Here are some of the examples that have been judged winners by the newspaper in the past:
>> Cashtration: The act of buying a house, which renders the subject financially impotent for an indefinite period of time.
>> Intaxicaton: Euphoria at getting a tax refund, which lasts until you realize it was your money to start with.
>> Reintarnation: Coming back to life as a hillbilly.
>> Bozone: The substance surrounding stupid people that stops bright ideas from penetrating.
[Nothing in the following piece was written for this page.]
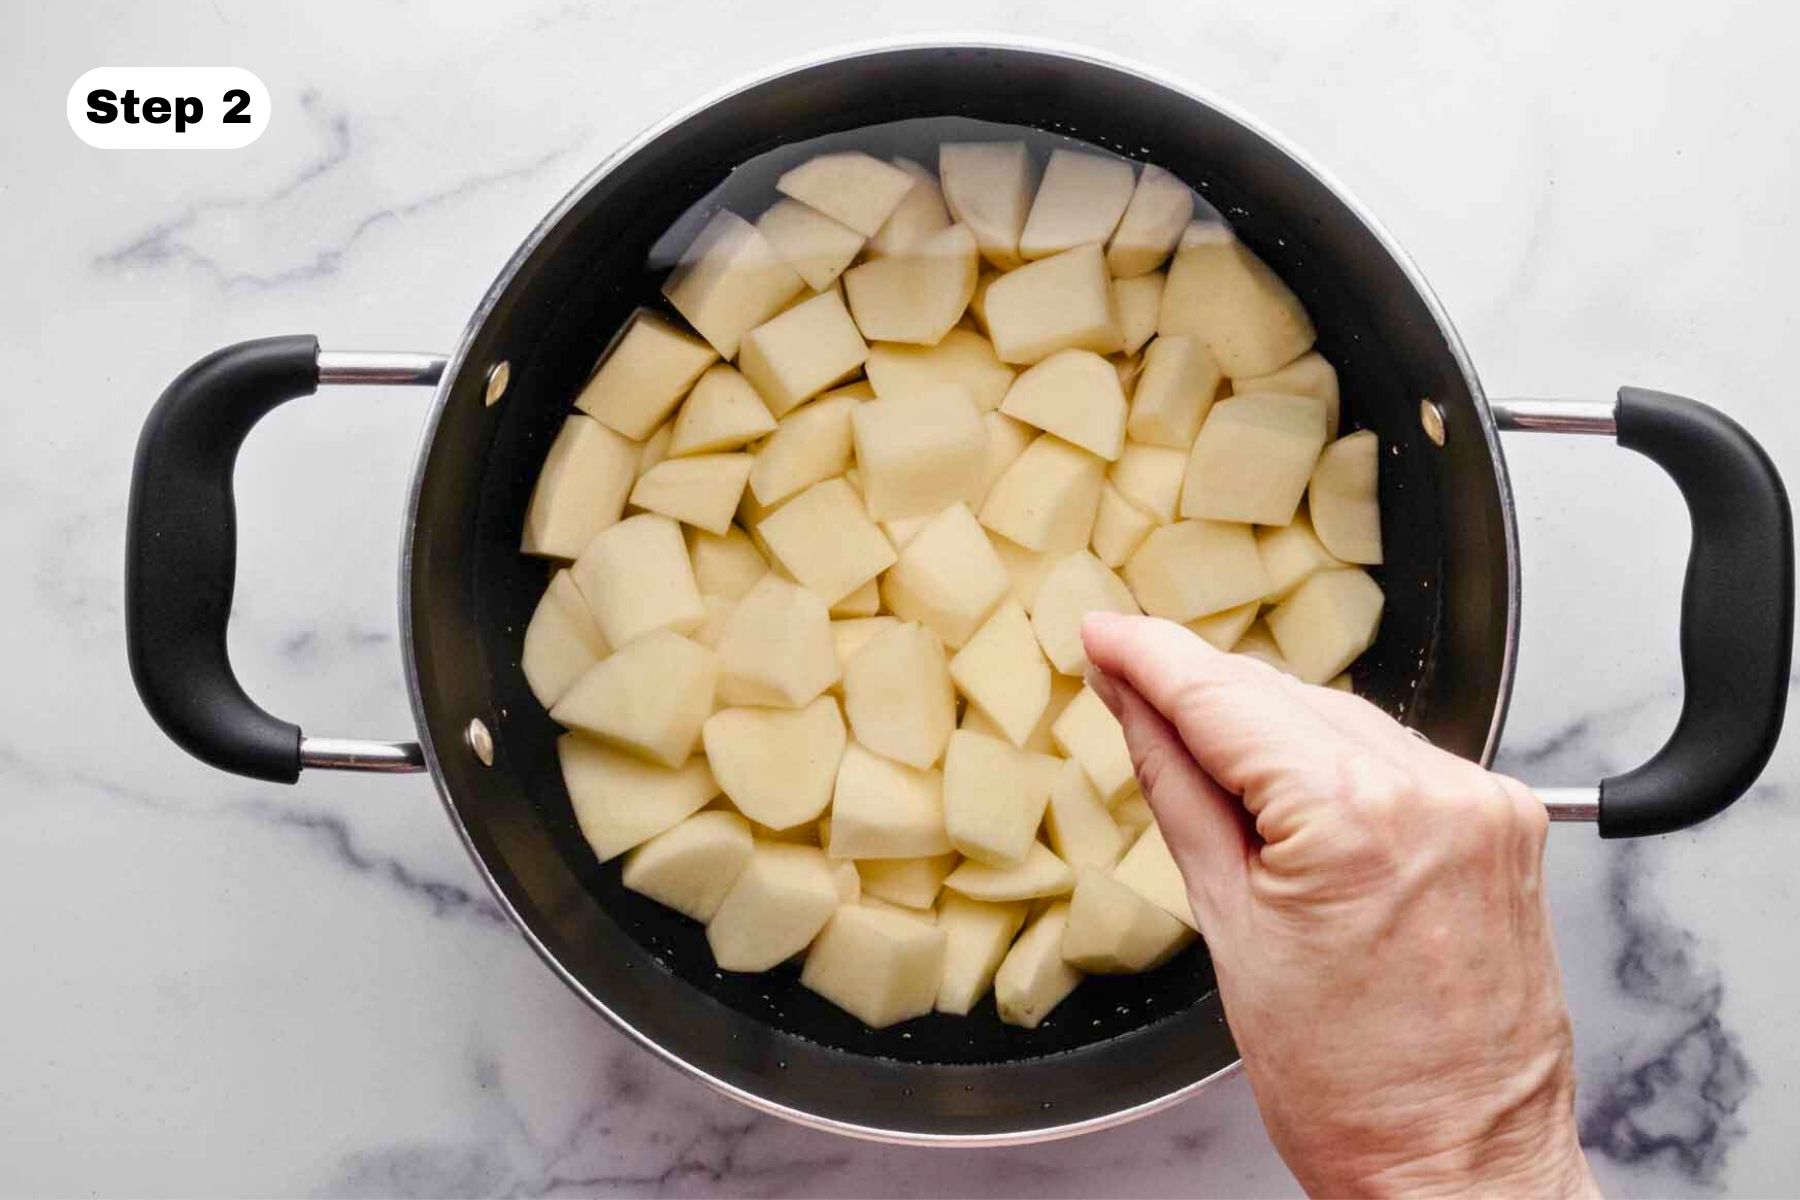 Potatoes covered with cold water in a large pot. A pinch of salt is being sprinkled over the top.

The bozone layer, unfortunately, shows little sign of breaking down in the near future.
>> Giraffiti: Vandalism spray-painted very, very high.
>> Sarchasm: The gulf between the author of sarcastic wit and the person who doesn't get it.
>> Inoculatte: To take coffee intravenously when you are running late.
>> Osteopornosis: A degenerate disease. (This one got extra credit.)
>> Hipatitis: Terminal coolness.
>> Karmageddon: It's like, when everybody is sending off all these really bad vibes, right? And then, like, the Earth explodes and it's like, a serious bummer.
>> Decafalon: The grueling event of getting through the day consuming only things that are good for you.
>> Glibido: All talk and no action.
>> Dopeler effect: The tendency of stupid ideas to seem smarter when they come at you rapidly.
>> Arachnoleptic fit: The frantic dance performed just after you've accidentally walked through a spider web.
And, for good measure, the same newspaper also gives readers the chance to supply alternate meanings for common words.
Here are some the submissions:
>> Coffee: The person upon whom one coughs.
>> Flabbergasted: Appalled by discovering how much weight one has gained.
>> Abdicate: To give up all
hope of ever having a flat stomach.
>> Esplanade: To attempt an explanation while drunk.
>> Negligent: Absentmindedly answering the door when wearing only a nightgown.
>> Lymph: To walk with a lisp.
>> Flatulence: Emergency
vehicle that picks up someone who has been run over by a steamroller.
>> Testicle: A humorous question on an exam.
And yes, one might be able to coin a new word for the practice of filling column space with words borrowed from others to prevent what otherwise would be blank space on this page. I think I'll call it pagerism.